3. At what cadence will I check the signal? A measurement you collect but never review is not a feedback loop. It is a database. Set a recurring moment — daily, weekly, per-sprint — where you look at the data and ask: is this working? The cadence should match the speed of the process. Daily for a writing habit. Weekly for a fitness program. Per-sprint for a software team. Quarterly for a strategic initiative.
4. What will I change based on what I find? This is the most neglected step. Measurement without a decision rule is observation without feedback. Define in advance: if the metric drops below X, I will do Y. If the metric stays flat for N cycles, I will revisit the approach. If the metric spikes, I will investigate before celebrating. The measurement only becomes a feedback loop when it connects to action.
The cost of not measuring
Most people do not fail because they measure the wrong things. They fail because they measure nothing. They run processes — meetings, habits, projects, relationships — for months or years without any signal telling them whether those processes are working.

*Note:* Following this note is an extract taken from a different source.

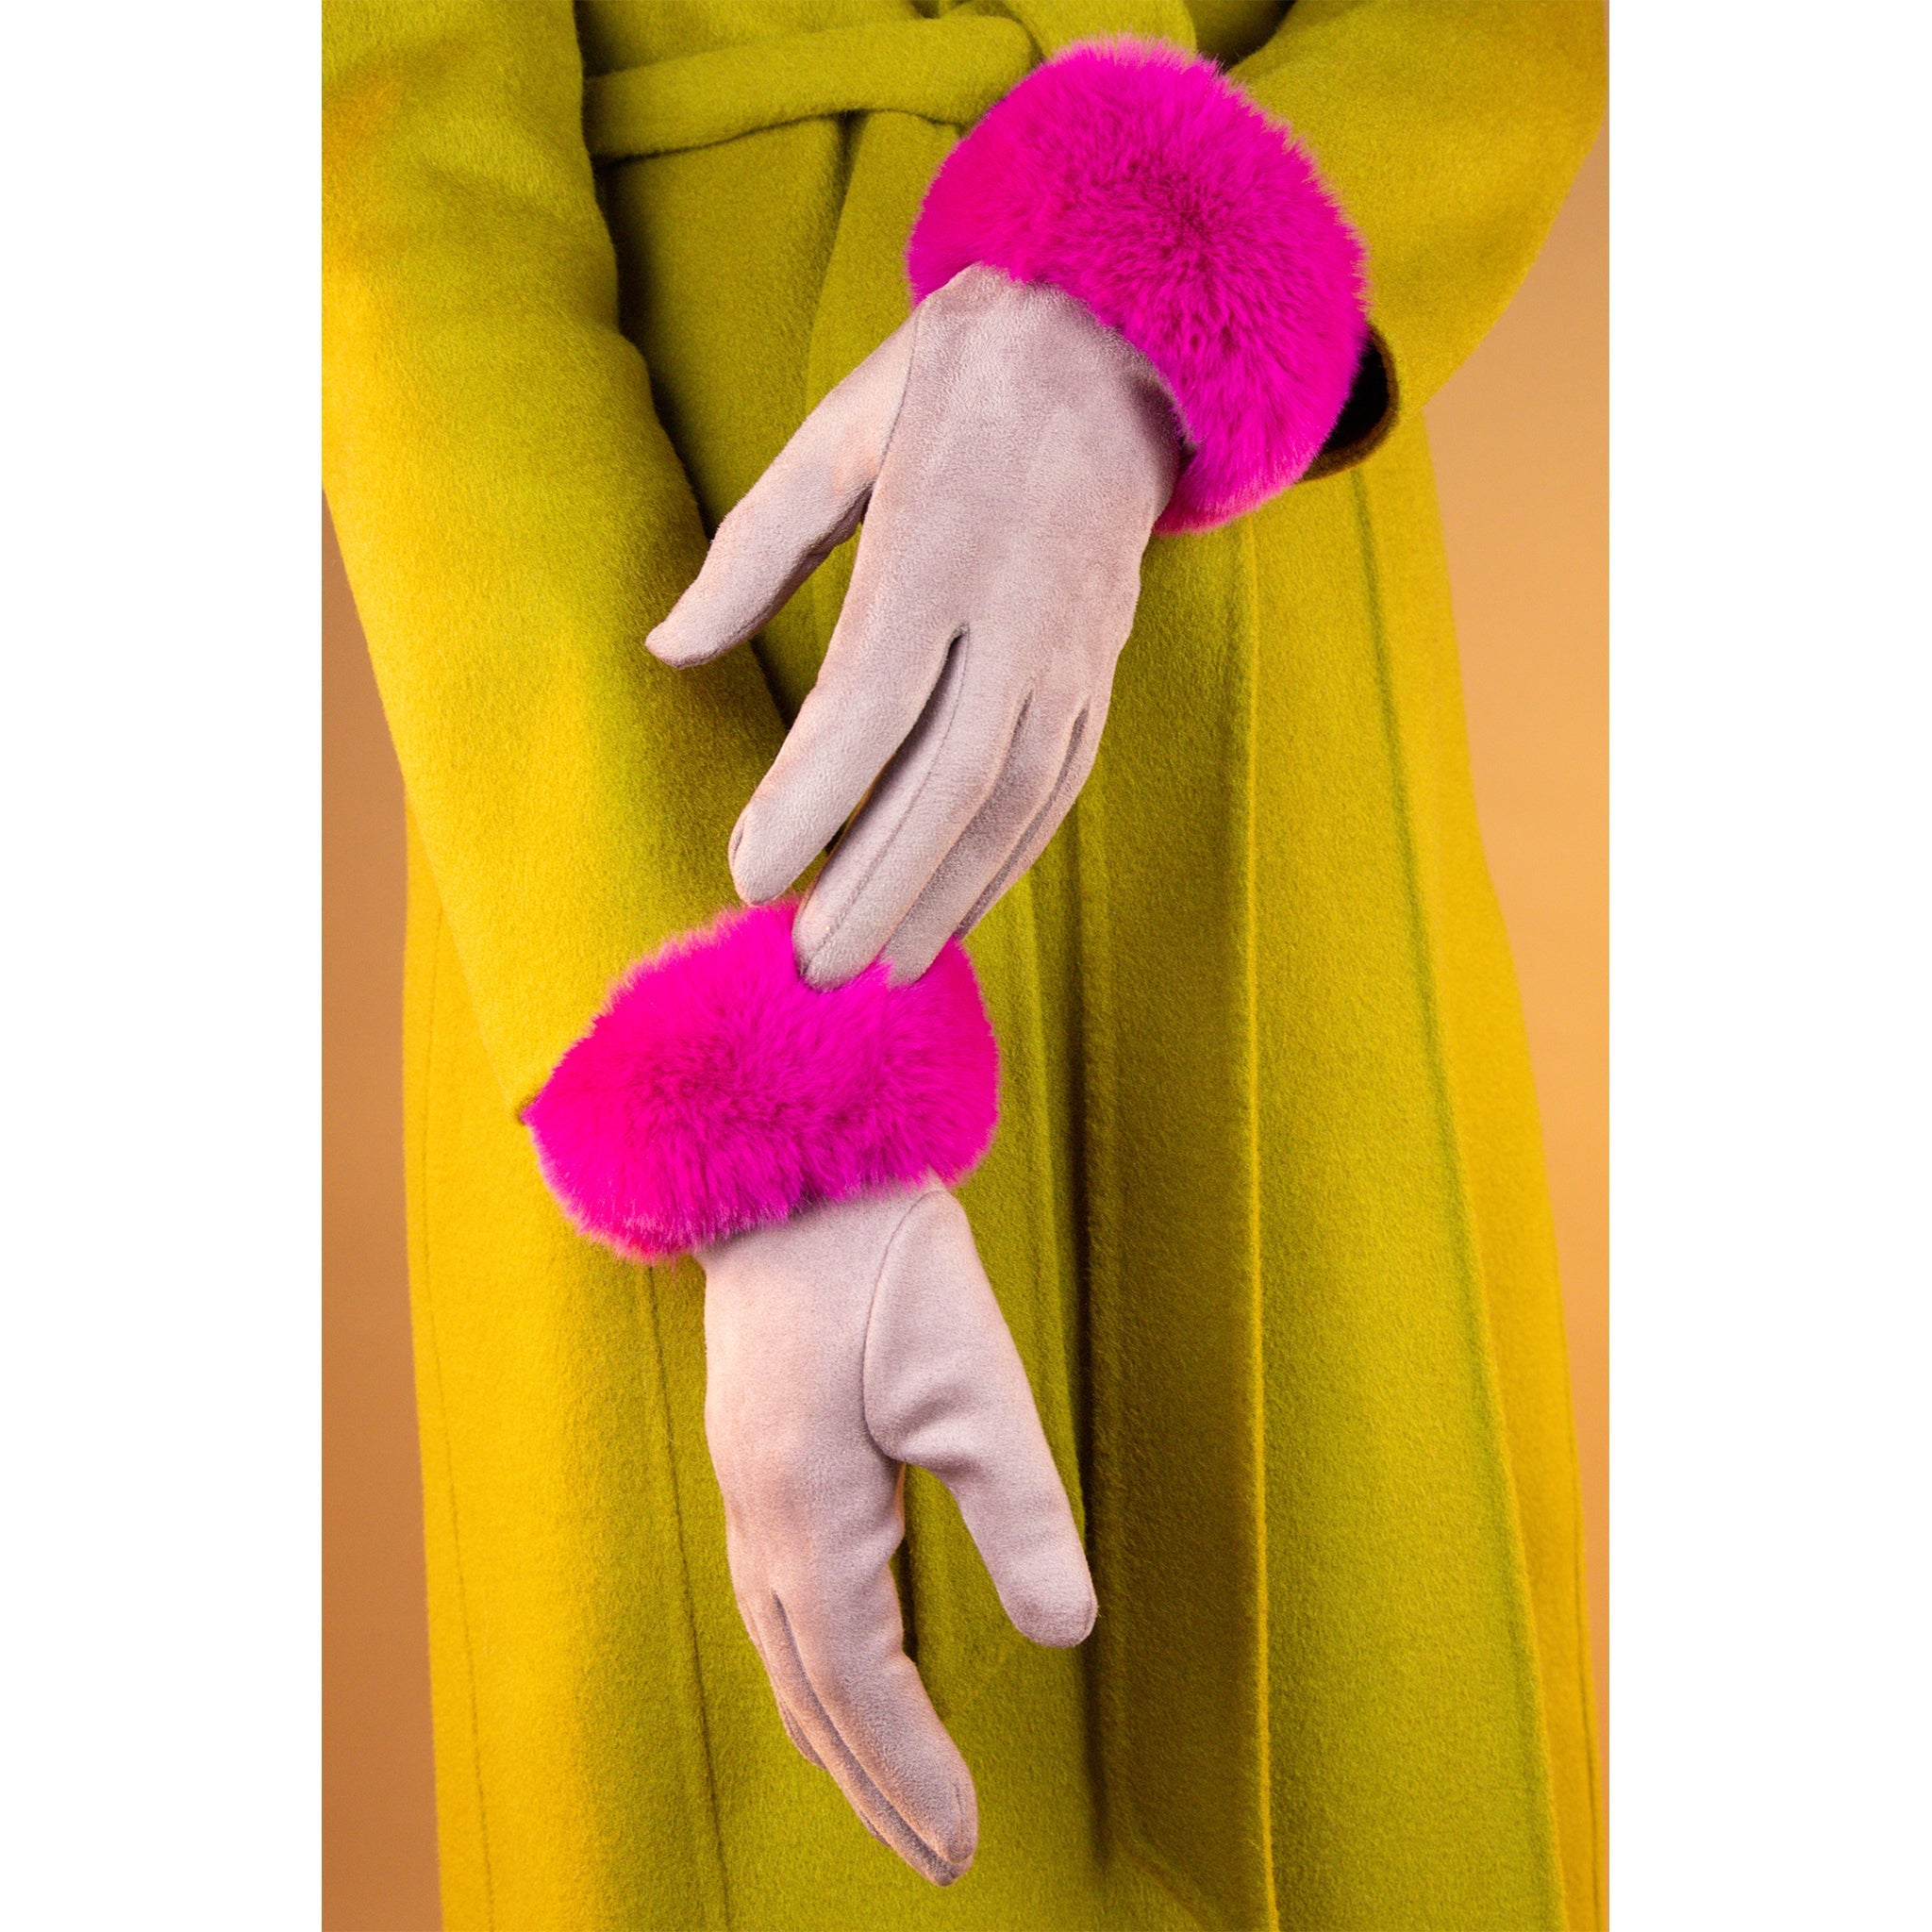 Bettina Faux Suede Gloves by Powder

The cost is invisible, which is why it persists. You cannot see the feedback loop that does not exist. You cannot miss the correction that never happened. You simply continue on the same trajectory, mistaking consistency for effectiveness and effort for progress.
The first feedback loop in any system is the simplest: start measuring one thing. One metric for one process. Track it for long enough to see a pattern. Then use the pattern to make one adjustment. You have just built what did not exist before: a system that can learn from its own output.
Everything in the next nineteen lessons of this phase — leading indicators, emotional feedback loops, habit loops, multi-loop systems, feedback hygiene — depends on this foundation. You cannot build a feedback loop around what you are not measuring. Start measuring.
Sources and further reading:
- Lord Kelvin, "Electrical Units of Measurement," lecture to the Institution of Civil Engineers, May 3, 1883.
- V.F. Ridgway, "Dysfunctional Consequences of Performance Measurements," Administrative Science Quarterly 1 (1956): 240-247.
- W. Edwards Deming, Out of the Crisis (MIT Press, 1982).
- Andrew S. Grove, High Output Management (Random House, 1983).
- Charles Goodhart, "Problems of Monetary Management: The U.K. Experience," Papers in Monetary Economics (Reserve Bank of Australia, 1975).
- John Doerr, Measure What Matters: How Google, Bono, and the Gates Foundation Rock the World with OKRs (Portfolio/Penguin, 2018).
- Gary Wolf, "The Quantified Self," TED talk, 2010; Kevin Kelly and Gary Wolf, Quantified Self (quantifiedself.com), founded 2007.